At first glance, we can see that logistic regression has the lowest accuracy score, which is reflected in a boundary that poorly fits the training data. This is due to the simplicity of this technique. It struggles when dealing with more complicated distributions. On the other hand, k-NN, SVM and MLP both achieve 100% accuracy. However, the two differ in the way that new points get classified. Now, if we wanted to sample a new point and check which class it belongs to, k-NN would need to check that point against every point in the data set in order to find the k nearest neighbors.
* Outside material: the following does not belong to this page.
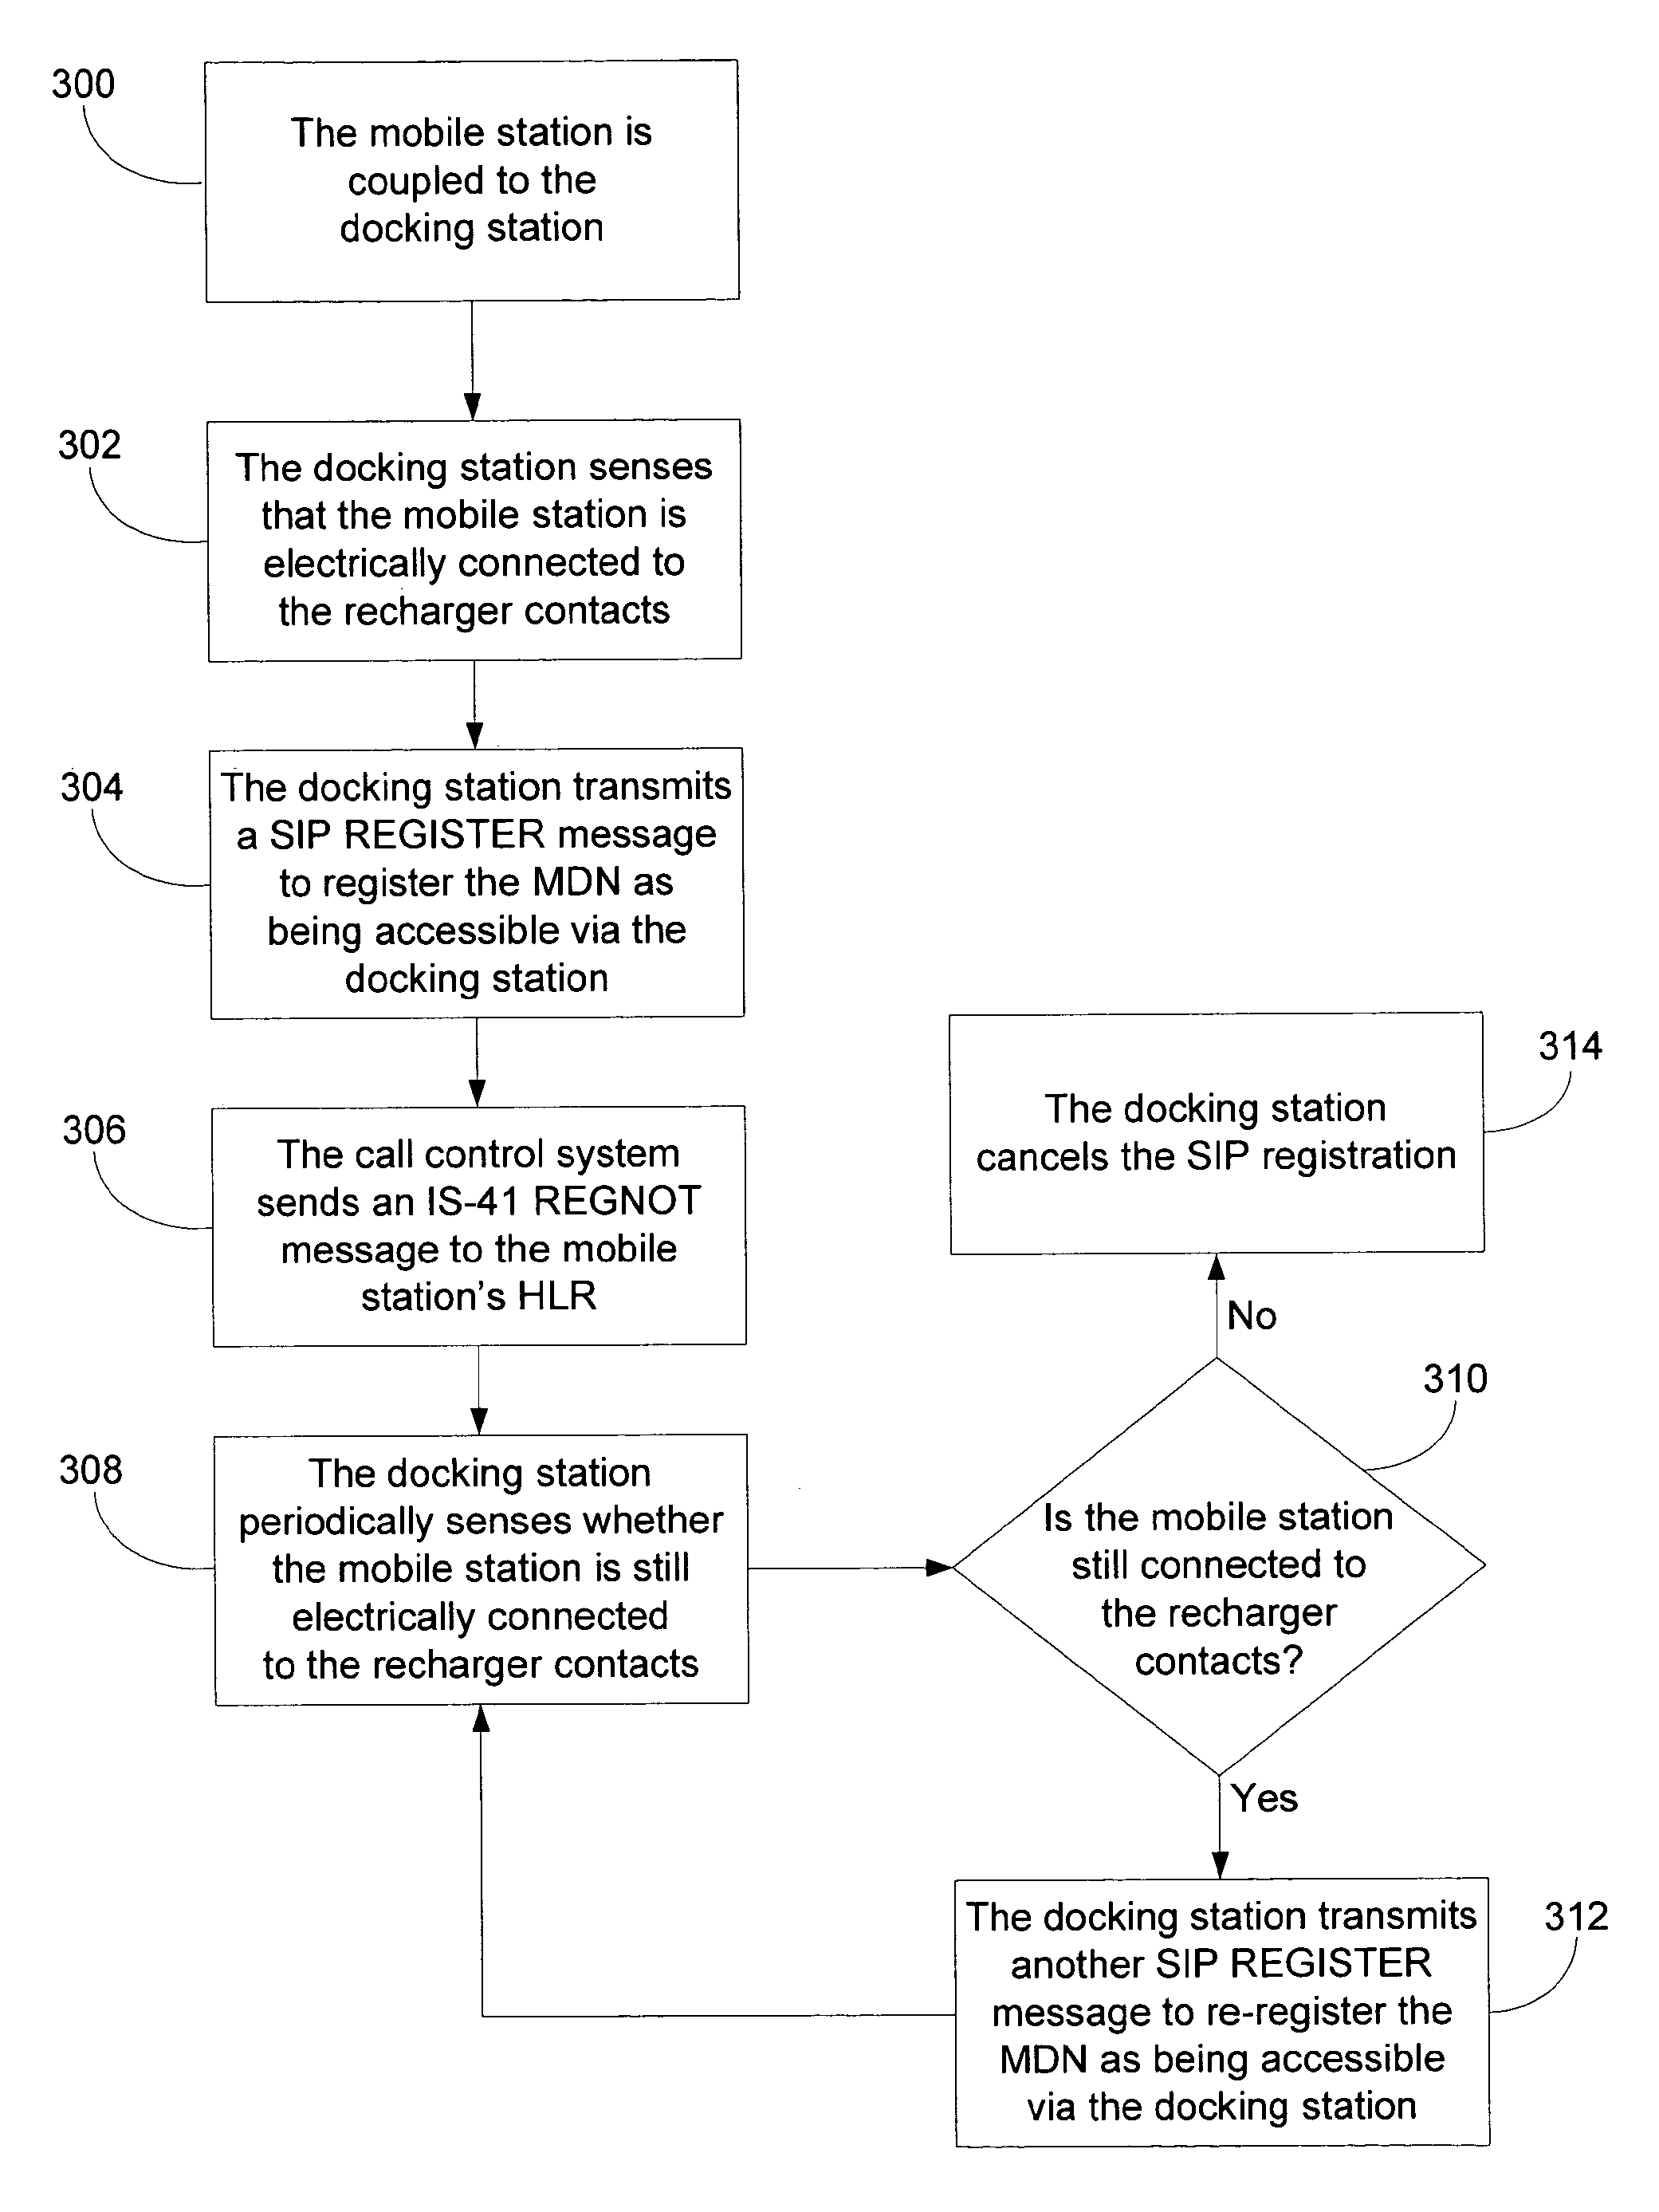 Method and System for Extending a Mobile Directory Number to a Landline-Based Voice-Over-Packet Network

On the other hand, SVM relies on a model derived from the data allowing for low computational overhead when classifying new data. Similarly,  MLP uses its network of weights to define the decision boundary. This approach makes it a lot easier and faster to classify data after the network is trained.